I also push my wrist forward a bit more, but not uncomfortably so. Just enough so that I can arch my hand over top of the fretboard the way a pianist would over the keys. This also seems to help me stretch a tad farther and provides a little more agility should I need to move around quickly at any point. I'll often switch back and forth between varying degrees of this approach and other more "relaxed" left hand techniques (not arching so much and just letting my finger rest against the board instead) depending on what I need at the time.

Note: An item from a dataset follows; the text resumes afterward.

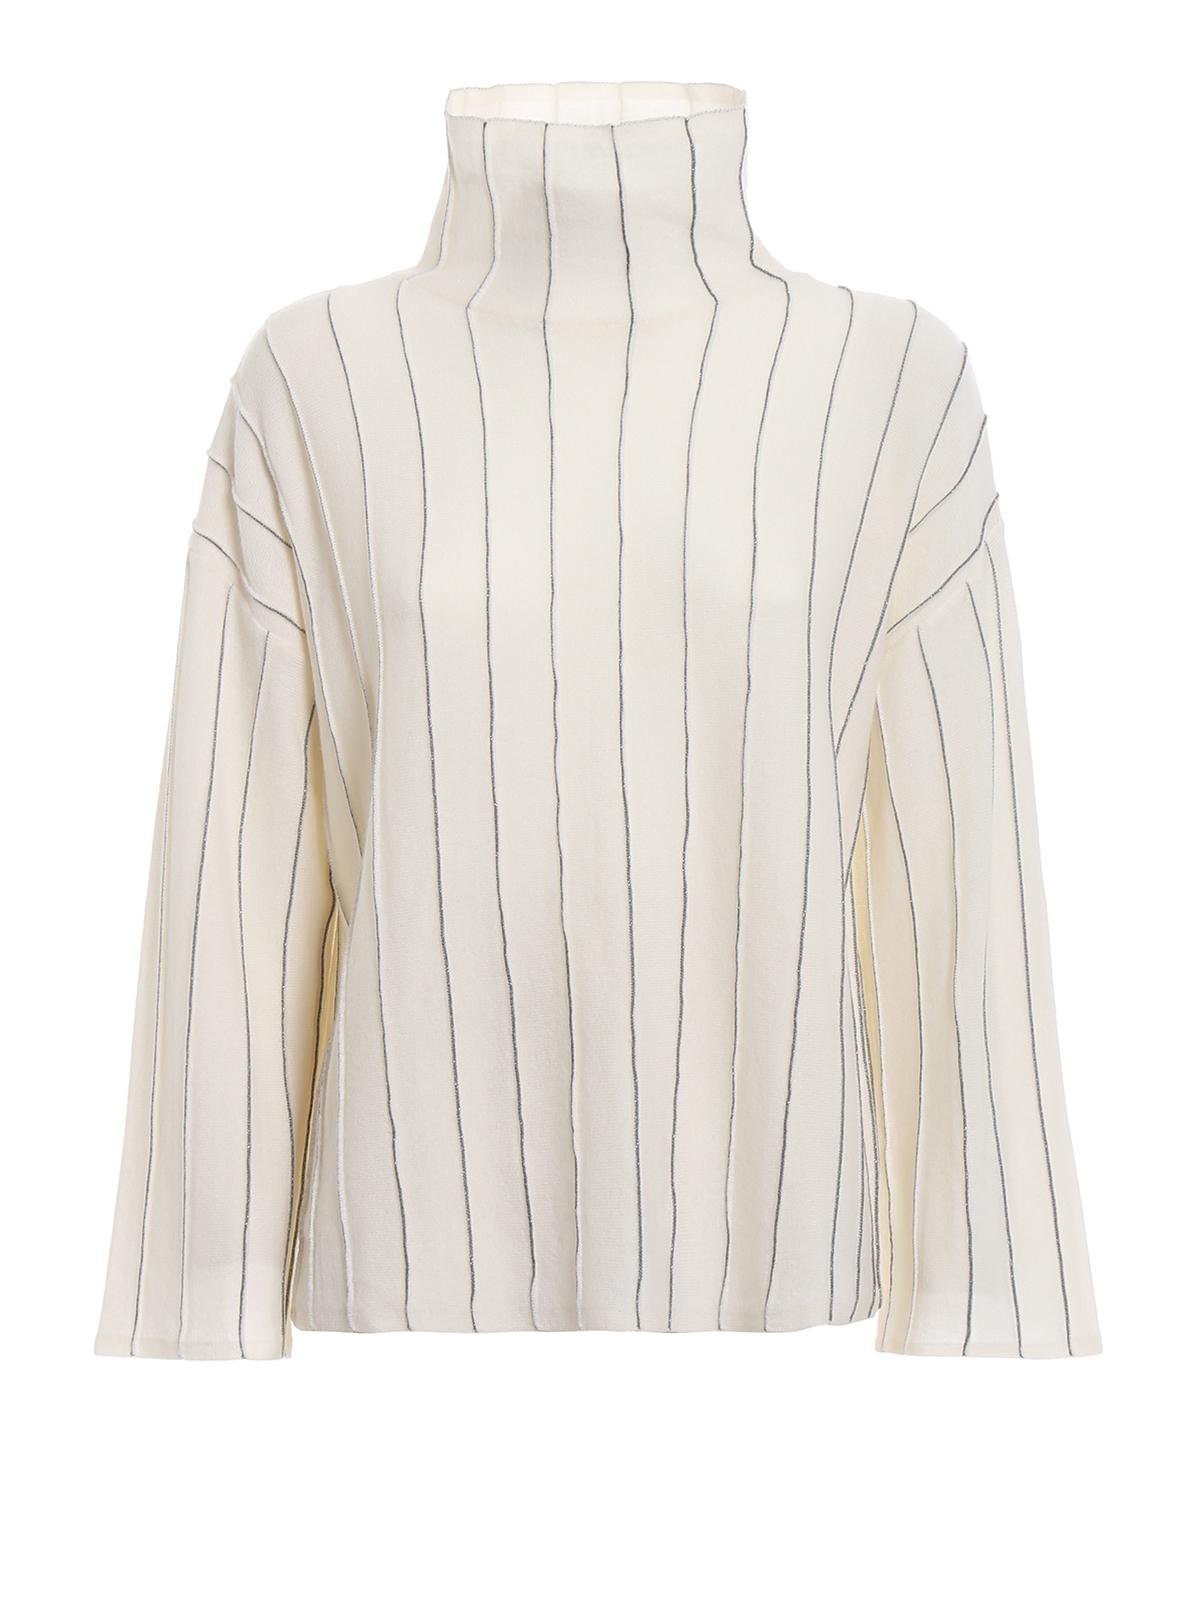 03d0da34d Pinstriped merino wool boxy off white sweater - PAOLO FIORILLO CAPRI -  Paolo Fiorillo

Maybe try giving some of those a go on your SR and see if they work for you?


----------



## TheUnvanquished (Apr 23, 2013)

Harden up Nancy  

And yeah a buddy of mine, who used to take lessons from Victor Wooten's bass tech, Anthony Wellington, kinda helped point out flaws in my technique recently. Thanks everyone. You guys didn't beat me up too bad. You kinda got me in the spirit to dust off my Ibanez SR and give the longer scale neck a shot.


----------



## TheEmptyCell (Apr 23, 2013)

It may help you to shift the bass over to the right when you're playing. Installing a strap button on the back of the body (basically the opposite side of the bridge) will help do this automatically when you're playing with a strap.


----------



## imprinted (Apr 24, 2013)

TheUnvanquished said:


> Harden up Nancy
> 
> And yeah a buddy of mine, who used to take lessons from Victor Wooten's bass tech, Anthony Wellington, kinda helped point out flaws in my technique recently. Thanks everyone. You guys didn't beat me up too bad. You kinda got me in the spirit to dust off my Ibanez SR and give the longer scale neck a shot.



You won't regret it! Once you've got yourself settled you'll notice that you'll start automatically adjusting from Guitar to Bass and back again.


----------



## Konfyouzd (Apr 25, 2013)

^This... 

I really really didn't think I was going to be down with playing bass at first due to the size and the fact that the strings were ass raping my fingers. After a little while now I'm playing an even bigger bass than I started on (35"--somehow the even larger scale is now more comfortable...?) and still feel like a 28.625" guitar is too big...


----------



## r3tr0sp3ct1v3 (Apr 25, 2013)

Brice HXB-406 3/4 Black Quilt Short Scale - RondoMusic.com

I have been thinking of getting one of these and tuning it up. I think the only way you could get that tuning ona short scale would be to tune up? Correct me if I am wrong


----------